DATA EXTRACTS:
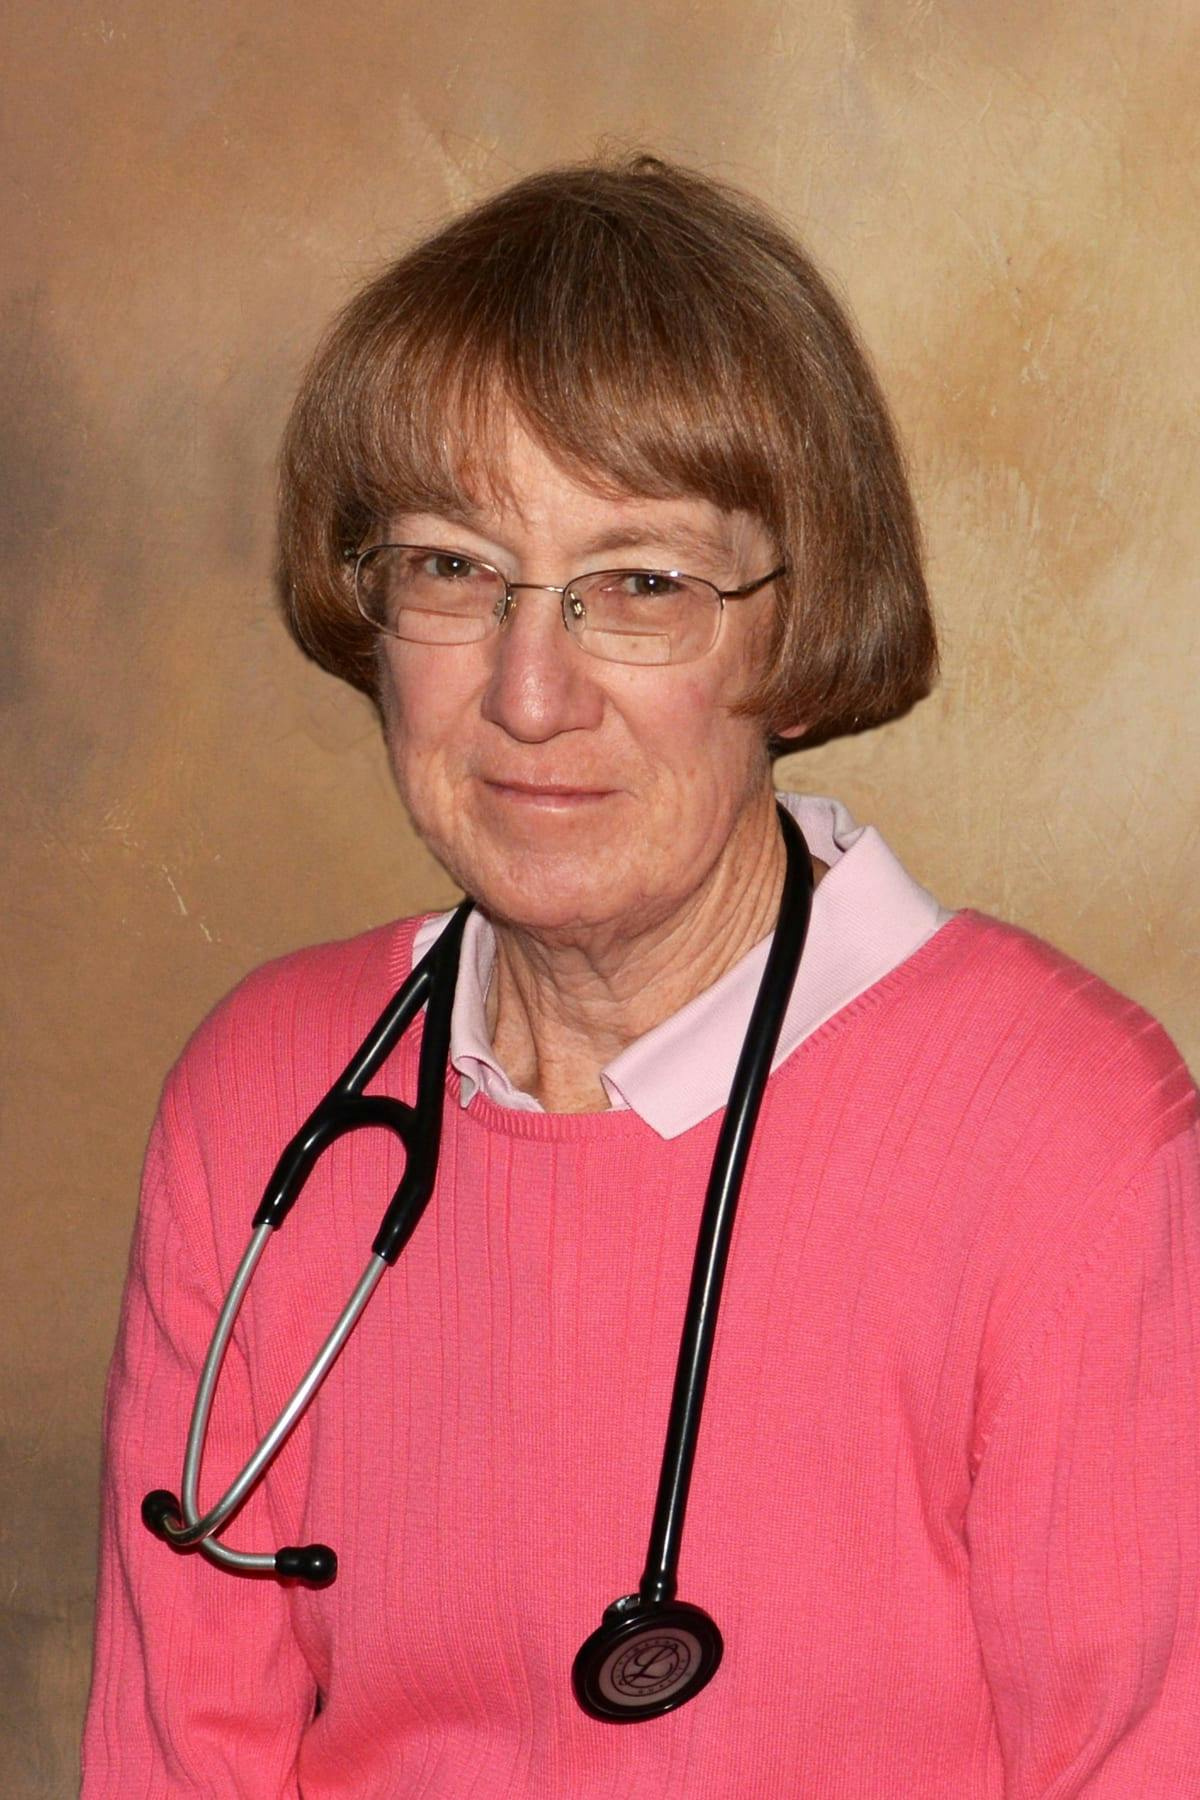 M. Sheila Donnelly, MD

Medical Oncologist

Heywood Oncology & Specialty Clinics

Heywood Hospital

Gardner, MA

--

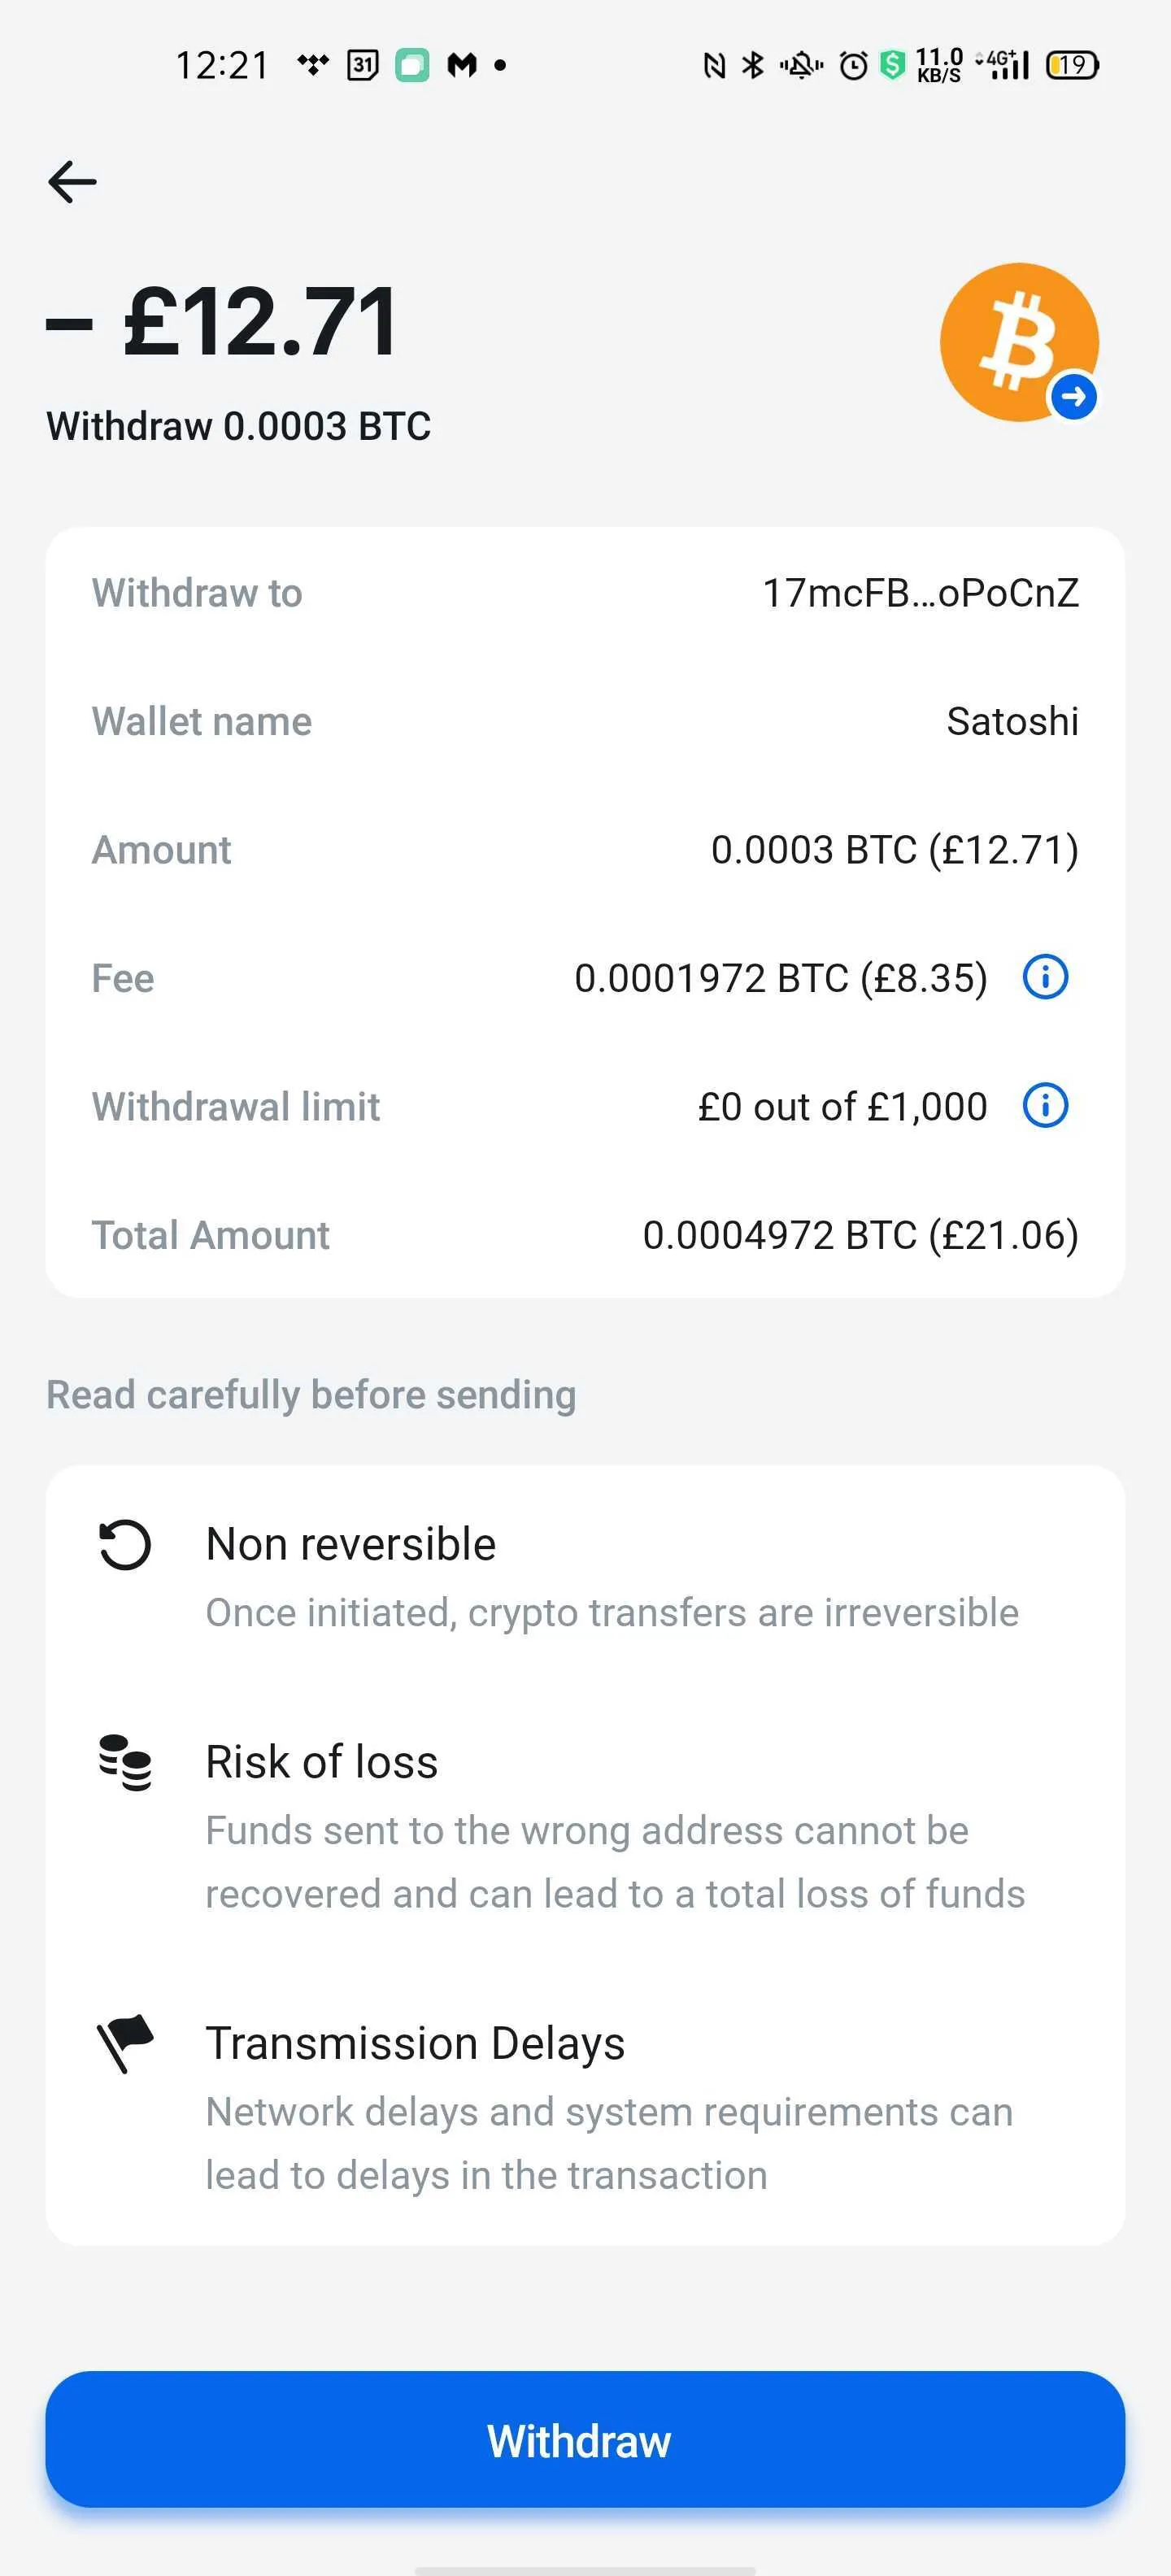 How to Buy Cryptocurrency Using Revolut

--

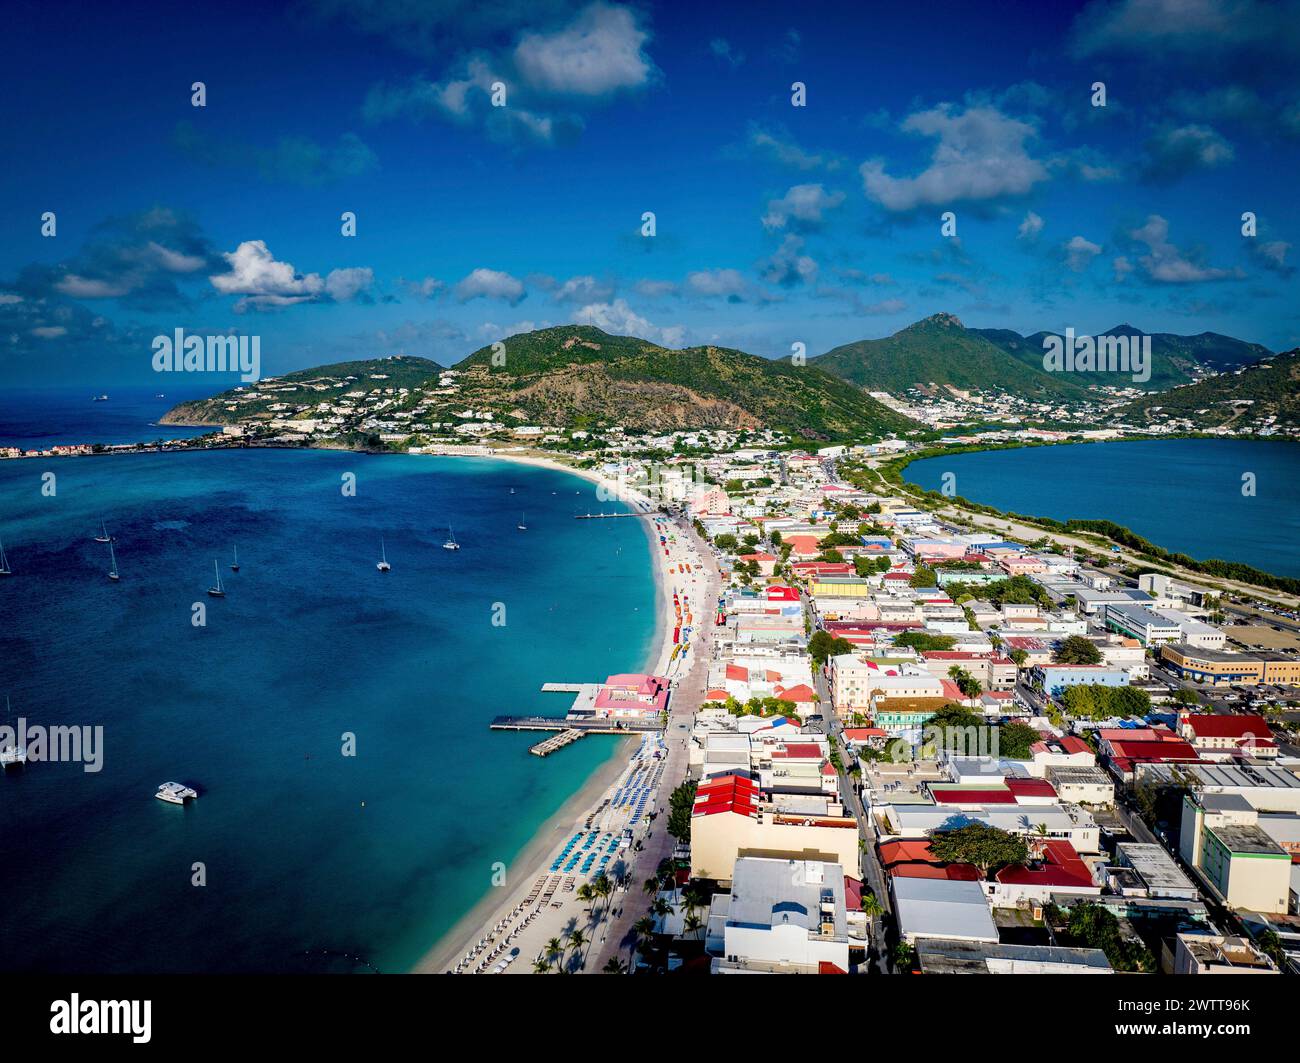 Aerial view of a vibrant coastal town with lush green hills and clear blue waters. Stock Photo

WORK REQUIRED: In the records above, everything from the line with "M. Sheila Donnelly, MD" down to the line with "Gardner, MA" is to be set down exactly, both ends included, with no pictures and no other lines.

RESPONSE TO THIS EXERCISE:
 M. Sheila Donnelly, MD

Medical Oncologist

Heywood Oncology & Specialty Clinics

Heywood Hospital

Gardner, MA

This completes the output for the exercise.